I’m being jerked around here, thought Pascoe. Time to crack the whip.

“The world’s full of gardens,” he said coldly. “Why this one? Why have you come back to Mid-Yorkshire?”

“Oh, I’m sorry, I should have said. That’s my other job, my real work-my thesis. You know about my thesis? Revenge and Retribution in English Drama? Of course you do. It was that which helped set you off in the wrong direction, wasn’t it? I can see how it would, with Mrs. Pascoe being threatened and all. You got that sorted, did you? I never read anything in the papers.”

He paused and looked enquiringly at Pascoe who said, “Yes, we got it sorted. No, there wasn’t much in the papers.”

Because there’d been a security cover-up, but Pascoe wasn’t about to go into that. Irritated though he was by Roote, and deeply suspicious of his motives, he still felt guilty at the memory of what had happened. With Ellie being threatened from an unknown source, he’d cast around for likely suspects. Discovering that Roote, whom he’d put away as an accessory to murder some years ago, was now out and writing a thesis on revenge in Sheffield where he was working as a hospital porter, he’d got South Yorkshire to shake him up a bit then gone down himself to have a friendly word. On arrival, he’d found Roote in the bath with his wrists slashed, and when later he’d had to admit that Roote had no involvement whatsoever in the case he was investigating, the probation service had not been slow to cry harassment.

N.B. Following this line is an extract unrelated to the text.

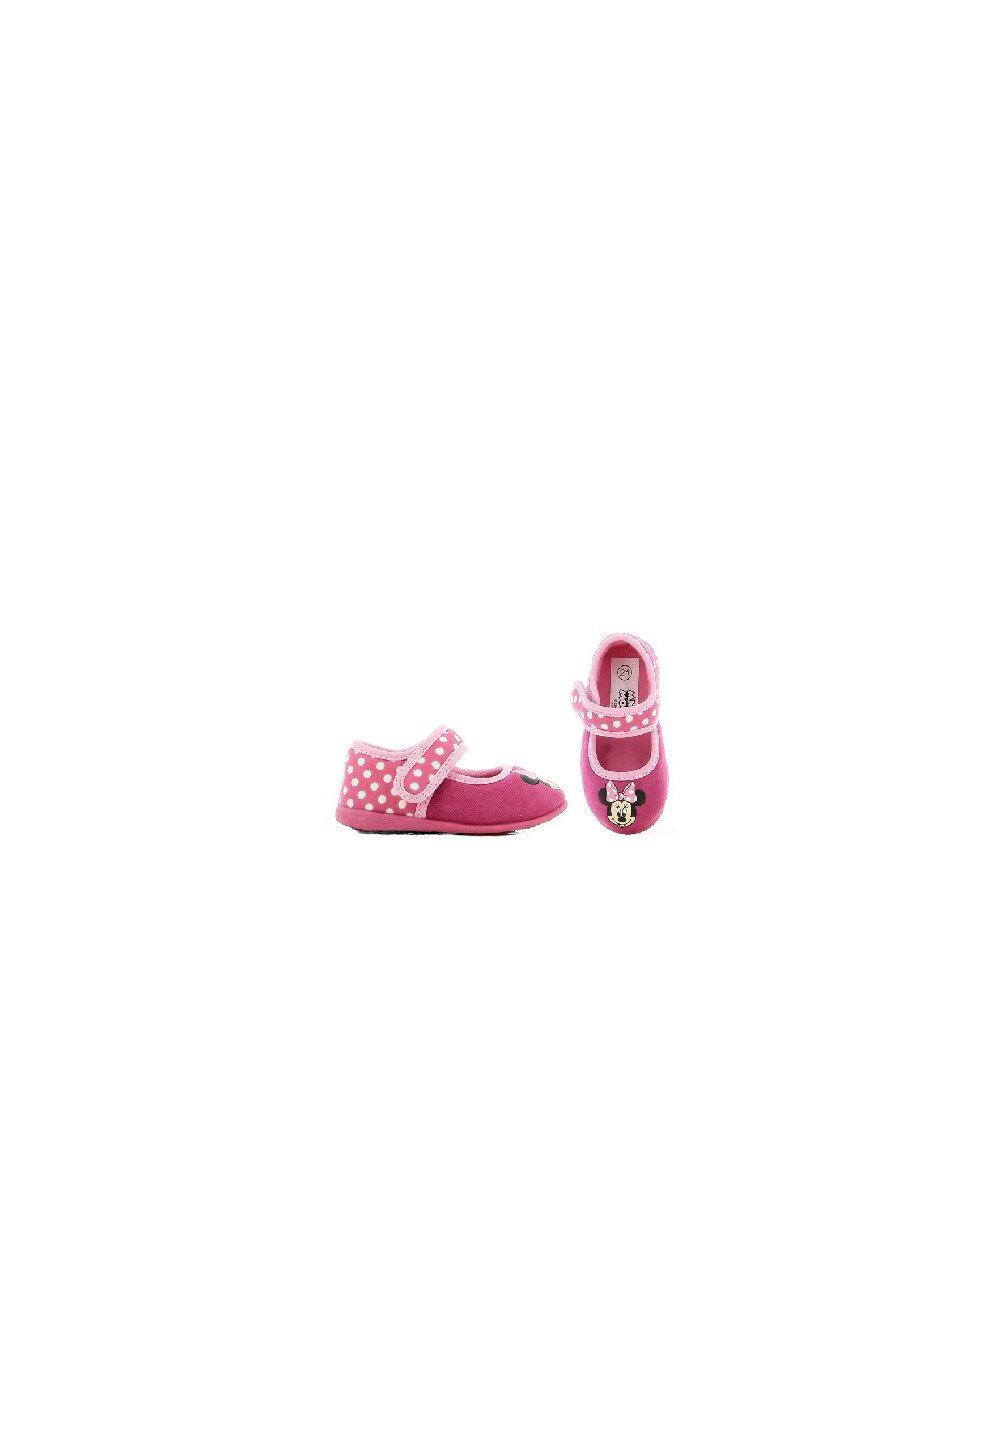 Incaltaminte interior, Minnie Mouse cu fundita roz cu buline imagine

Well, he’d been able to show he’d gone by the book. Just. But he’d felt then the same mixture of guilt and anger he was feeling now.

Roote was talking again.

“Anyway, my supervisor at Sheffield got a new post at the university here, just started this term. He’s the one who helped me get fixed up with the gardening job, in fact, so you see how it all slotted in. I could have got a new supervisor, I suppose, but I’ve just got to the most interesting part of my thesis. I mean, the Elizabethans and Jacobeans have been fascinating, of course, but they’ve been so much pawed over by the scholars, it’s difficult to come up with much that’s really new. But now I’m on to the Romantics: Byron, Shelley, Coleridge, even Wordsworth, they all tried their hands at drama you know. But it’s Beddoes that really fascinates me. Do you know his play Death’s Jest-Book?”

“No,” said Pascoe. “Should I?”

In fact, it came to him as he spoke that he had heard the name Beddoes recently.

“Depends what you mean by should. Deserves to be better known. It’s fantastic. And as my supervisor’s writing a book on Beddoes and probably knows more about him than any man living, I just had to stick with him. But it’s a long way to travel from Sheffield even with a decent car, and the only thing I’ve been able to afford has more breakdowns than an inner-city teaching staff! It really made sense for me to move too. So everything’s turned out for the best in the best of all possible worlds!”

“This supervisor,” said Pascoe, “what’s his name?”

He didn’t need to ask. He’d recalled where he’d heard Beddoes’ name mentioned, and he knew the answer already.

“He’s got the perfect name for an Eng. Lit. teacher,” said Roote, laughing. “Johnson. Dr. Sam Johnson. Do you know him?”

“That’s when I made an excuse and left,” said Pascoe.

“Oh aye? Why was that?” said Detective Superintendent Andrew Dalziel. “Fucking useless thing!”

It was, Pascoe hoped, the VCR squeaking under the assault of his pistonlike finger that Dalziel was addressing, not himself.